Let $ K_1 $ be the maximum kinetic energy of photoelectrons emitted by light of wavelength $ \lambda_1 $ and $ K_2 $ corresponding to wavelength $ \lambda_2 $. If $ \lambda_1 = 2\lambda_2 $, then

• A. \( 2K_1 = K_2 \)
• B. \( K_1 = 2K_2 \)
• C. \( K_1<K_2 / 2 \)
• D. \( K_1>2K_2 \)

Hint:

The kinetic energy of the photoelectrons is inversely proportional to the wavelength of the light. As the wavelength increases, the kinetic energy decreases.

Answer 1

The Correct Option is C

The maximum kinetic energy of the photoelectrons emitted is related to the wavelength of light by Einstein's photoelectric equation: \[ K = h\nu - \phi \] where:
- \( K \) is the maximum kinetic energy of the photoelectrons,
- \( h \) is Planck's constant,
- \( \nu \) is the frequency of the incident light,
- \( \phi \) is the work function of the material.
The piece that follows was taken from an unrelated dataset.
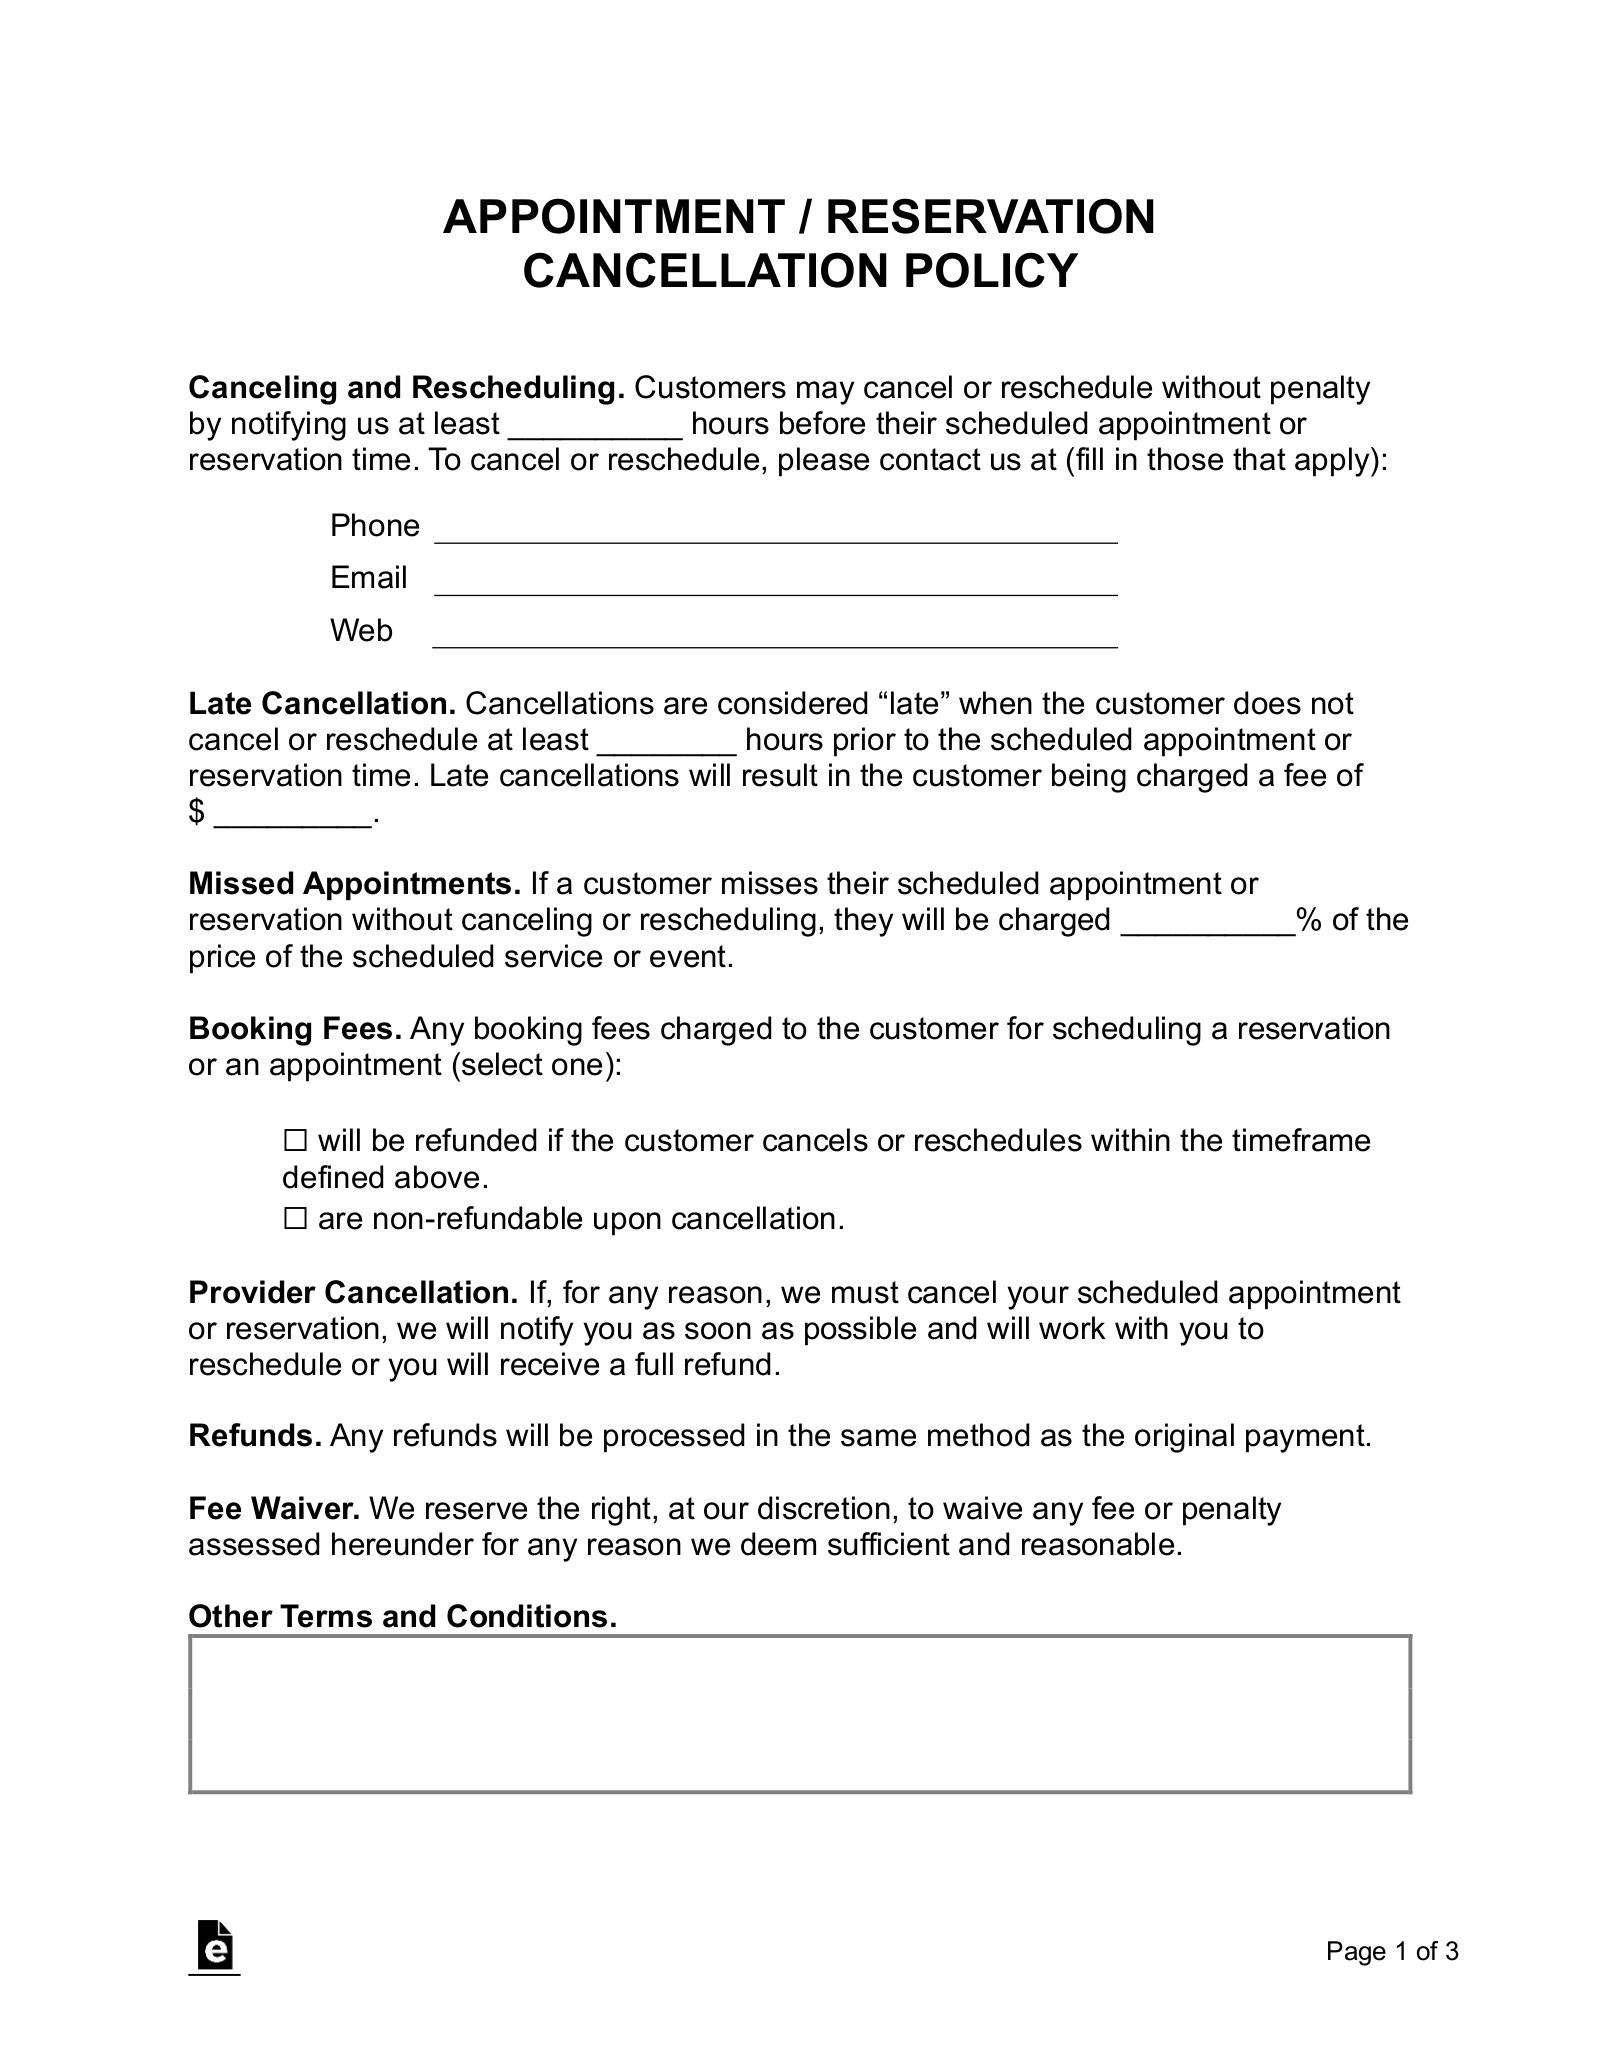 travellers autobarn cancellation policy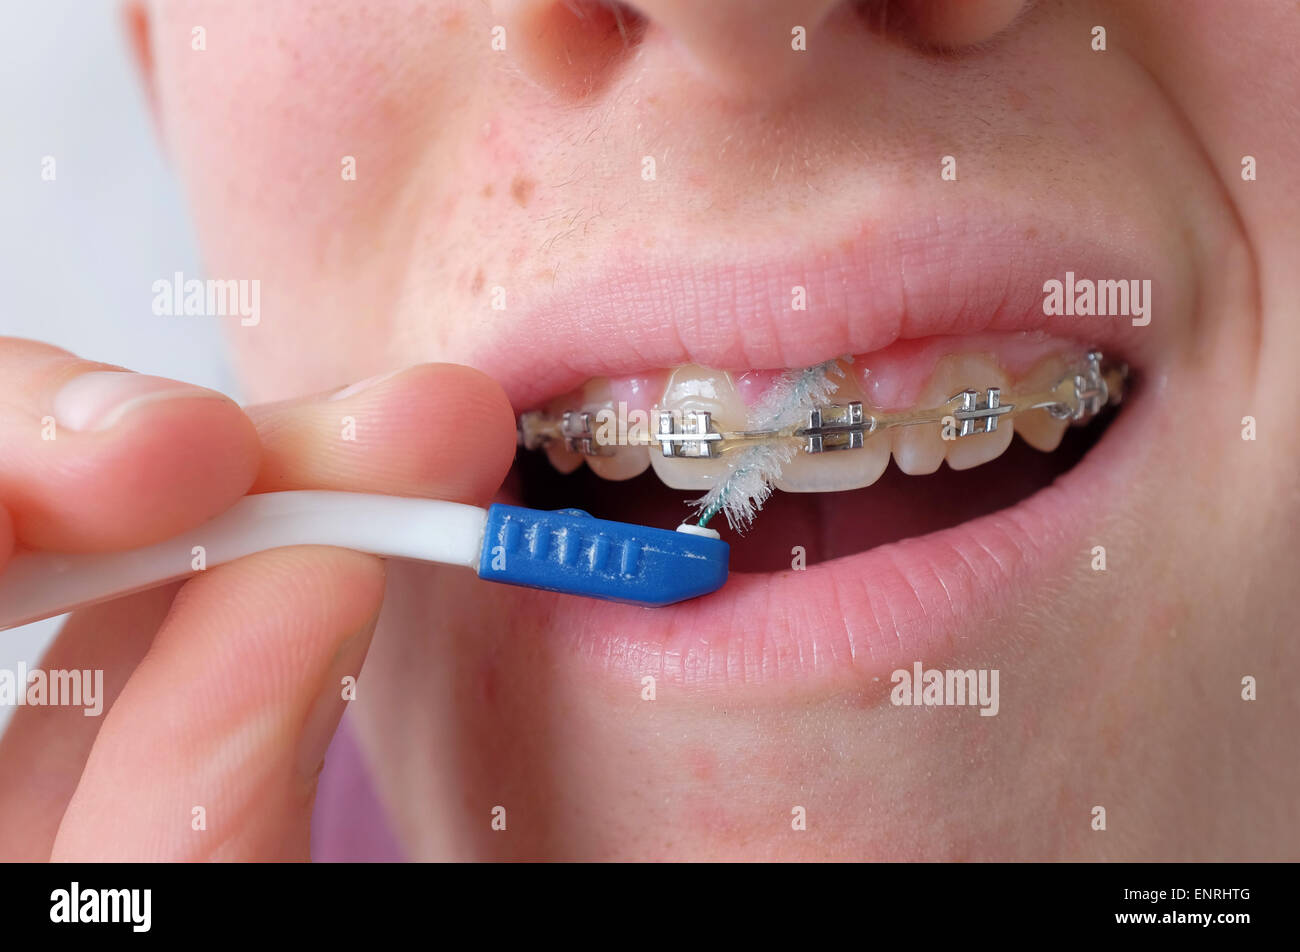 Teenage boy cleaning his teeth and braces with a brush close up Stock Photo

Since the frequency \( \nu \) is related to the wavelength \( \lambda \) by the equation \( \nu = \frac{c}{\lambda} \), where \( c \) is the speed of light, we can write the kinetic energy as: \[ K = h \left( \frac{c}{\lambda} \right) - \phi \] Now, let’s compare the kinetic energies for the two wavelengths: - For \( \lambda_1 \), the maximum kinetic energy is \( K_1 = h \left( \frac{c}{\lambda_1} \right) - \phi \), - For \( \lambda_2 \), the maximum kinetic energy is \( K_2 = h \left( \frac{c}{\lambda_2} \right) - \phi \). Given that \( \lambda_1 = 2\lambda_2 \), we have: \[ K_1 = h \left( \frac{c}{2\lambda_2} \right) - \phi \] \[ K_2 = h \left( \frac{c}{\lambda_2} \right) - \phi \] From the equations above, we can see that \( K_1 \) is less than \( K_2 / 2 \). This is because the frequency of the light corresponding to \( \lambda_1 \) is half of the frequency corresponding to \( \lambda_2 \), leading to a smaller kinetic energy for \( \lambda_1 \).
Thus, the correct answer is: \[ \text{(C) } K_1<K_2 / 2 \]